DevOps, SecOps, DBAOps, NetOps – A discussion of the problem of silos inside operations organizations, and how it is important to focus on the relationships between those groups as well as relationships with people outside of Ops. As I see it, all of the *Ops initiatives are attempts to fix the brokenness in communication that traditional software shop organizational charts create; managers and up need to realize the cost in agility that comes with creating silos. On the other hand, there is a clear benefit to specialization and building service groups around specific disciplines once a company gets to a certain size. I don’t have a good solution to this problem but spend a lot of time thinking about it… however, I do know it pays to meet the people you are working with face to face, have a beer and understand what drives those groups to make the decisions they do. I sometimes wonder if doing “embedded engineering” is the right approach, with engineers from all of the silos sitting together for the duration of a cross-functional project. If anyone has any thoughts on this I’d love to hear them.

March 18, 2010 cloud, communications, devops, performance No Comments

Performance Testing An Airline Reservation System

Until a few weeks ago I ran the performance and capacity testing team for the airline reservation system ITA develops. The group is under the umbrella of operations, which may seem out of place to many software shops, where typically the performance testing team exists in QA (or doesn’t exist at all until needed). We work very closely with development and QA as needed (and often, development has a dedicate set of engineers on performance work), and after doing performance work for the past few years, I’m convinced the best people for the job are the people that are skilled in development and systems administration (these are the DevOps people everyone is talking about). We’ve developed a lot of processes and tools to do our job and I think other people might find these ideas as useful as we have.

Testing Tools

At ITA we had to build many of the performance tools we use in-house because performance tools that could speak the airline industry protocols used by many interfaces to a reservations system (MATIP, for example) don’t exist. We also have a set of custom XML interfaces as well as a large collection of other interfaces that we need to send traffic to, or read instrumentation from. Our initial load generation script not only generated this traffic but also took care of all the other functions required to run an experiment, but this monolithic script didn’t scale. We ended up breaking up that script into agents that can be distributed across many machines, with each agent performing a single function needed for a load test. The agents are run by a master scheduling script which co-ordinates agent start and stop. In this way we can be sure that instrumentation requests aren’t blocking the load generation tools from working, and we can also schedule periodic events, report status, and do the hundred other things required for a full-system load test.

We gather a lot of metrics during a test, and for every major performance test we automatically generate a dashboard to help us drill into the results, a subset of which looks like this:

We gather this data from the system via SNMP, munin, per-component instrumentation, and other monitoring tools. We’ve been very happy with munin in particular as you can quickly add support for gathering new data types from remote hosts by writing simple Perl scripts.

Continuous Automated Testing

In any large system I’ve worked on the hardest problems are the integration problems, and a complex multi-component system such as a reservation system has these in spades. When we started doing performance testing, most of the system components weren’t finished and the interfaces between components kept changing. Furthermore, airline schedules, inventory and availability change rapidly over time.

There are countless factors that play into the performance and scalability of a complex system, and there are many philosophies around testing such systems, but in this post I want to discuss the technique that saves us the most time and money: continuous automated performance testing.

As discussed in the groundbreaking article Continuous Integration & Deployment In The Airline Industry [note: article not groundbreaking], ITA uses Hudson to build and test a complete reservation system on each check-in to the source tree (provided a build is not in progress). Hudson deploys the built software to a cluster of machines that are dedicated to continuous performance testing. After deployment, the load test master control software I discussed earlier runs a fixed scenario of load against the newly-deployed software.
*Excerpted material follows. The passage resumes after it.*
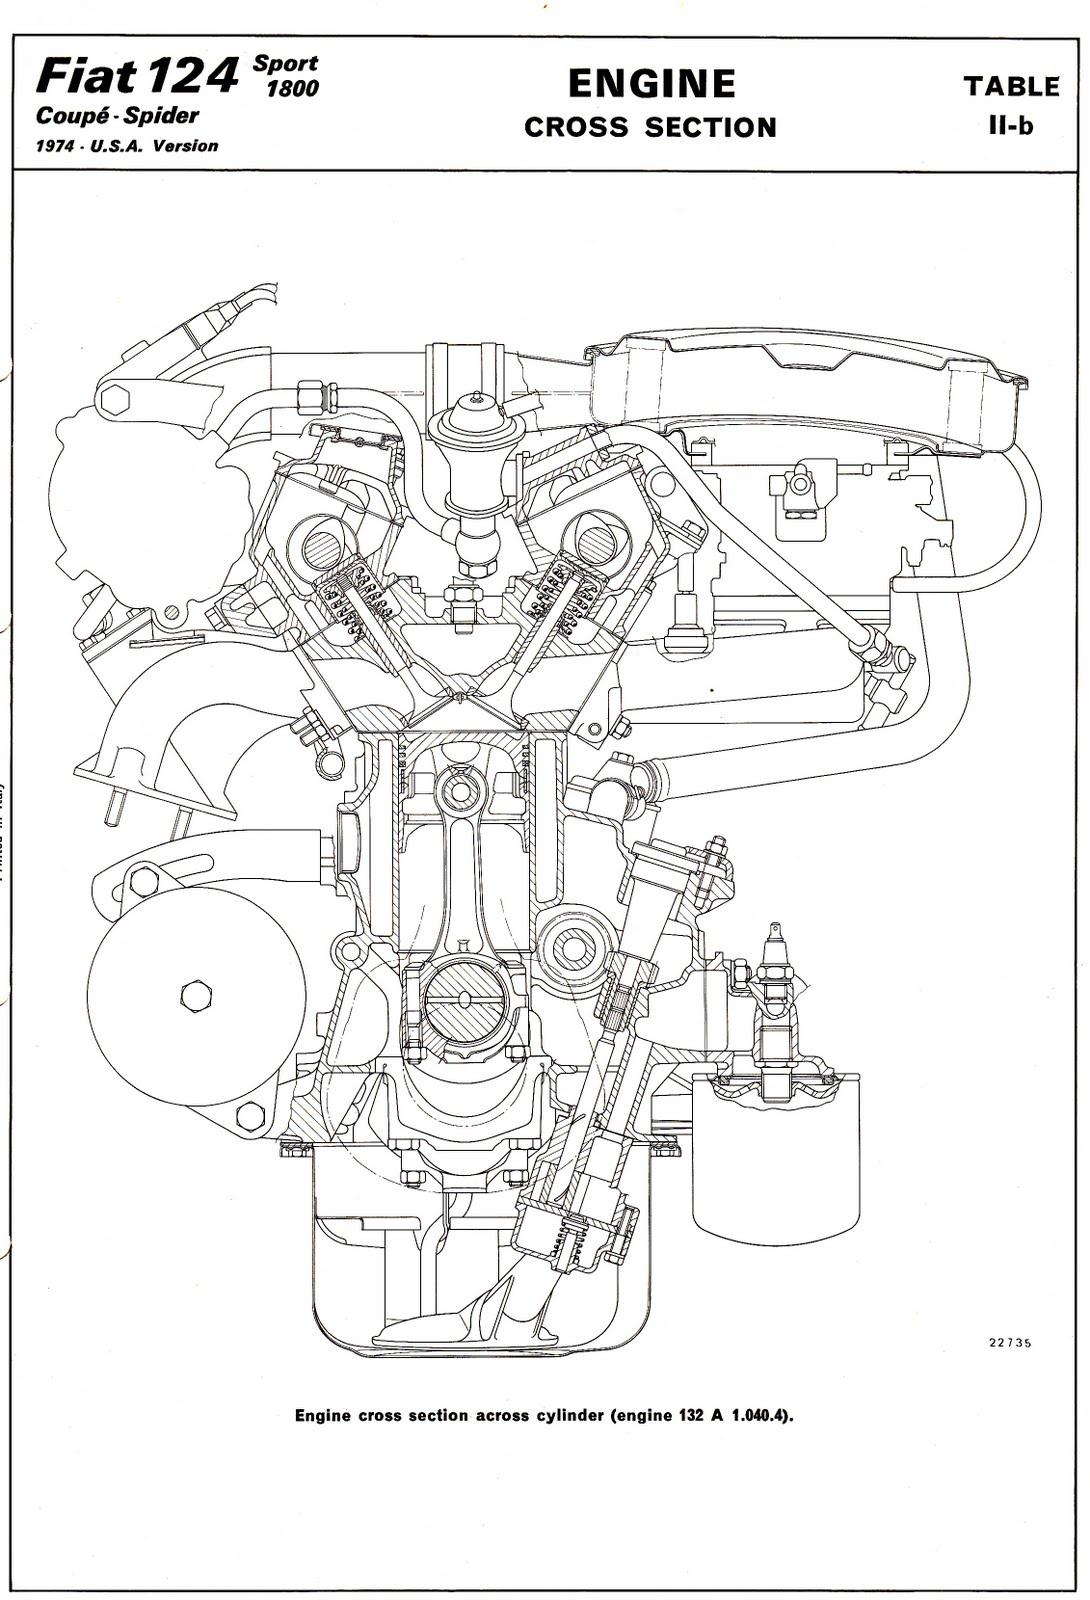 fiat 500 engine diagram simple wiring diagram rh 48 mara cujas de 79 fiat spyder engine [ 1090 x 1600 Pixel ]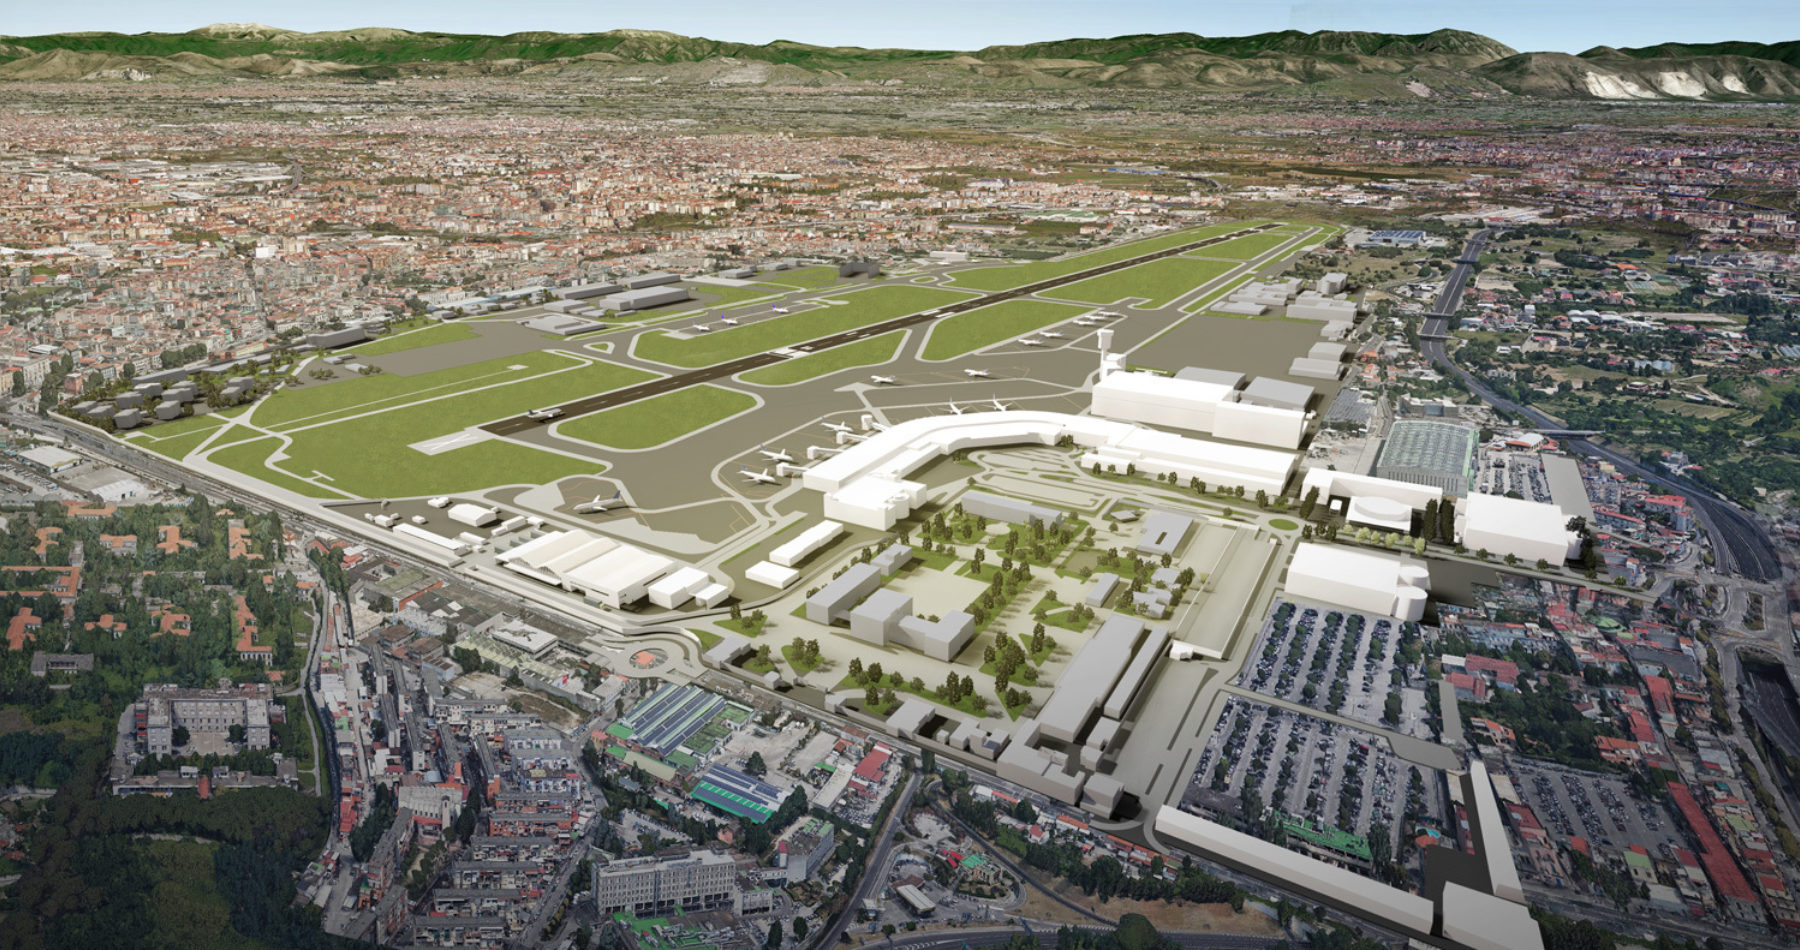 Naples International Airport (NAP) 2023 Masterplan

After a run completes, we store all of the results and instrumentation data in a database and update the graphs which trend test results over time. If our scripts find too much deviation in run time or throughput between this run and the previous runs, we set a status code so that Hudson can tell the people who’ve checked in since the last run that they may have broken the build.

Having a visual representation of performance issues in the continuous test environment has helped us tremendously because it both shortens the debug time and lets us see patterns of performance over time. Here’s an example of our throughput graph for a single component when someone breaks the build (click on the image for a larger version):

Along the X axis are revision numbers, and on our system the graph will show you the commit messages and the usernames of everyone who committed for each revision when you mouse over the data points. We also make the graph very user-friendly with a “green lines are good, red lines are bad” design. Clicking on a data point will bring you to our internal source code repository browser.

Throughput, which is shown in the above graph, is only one side of the story. What about the run time of the system during the issue with revision 346626?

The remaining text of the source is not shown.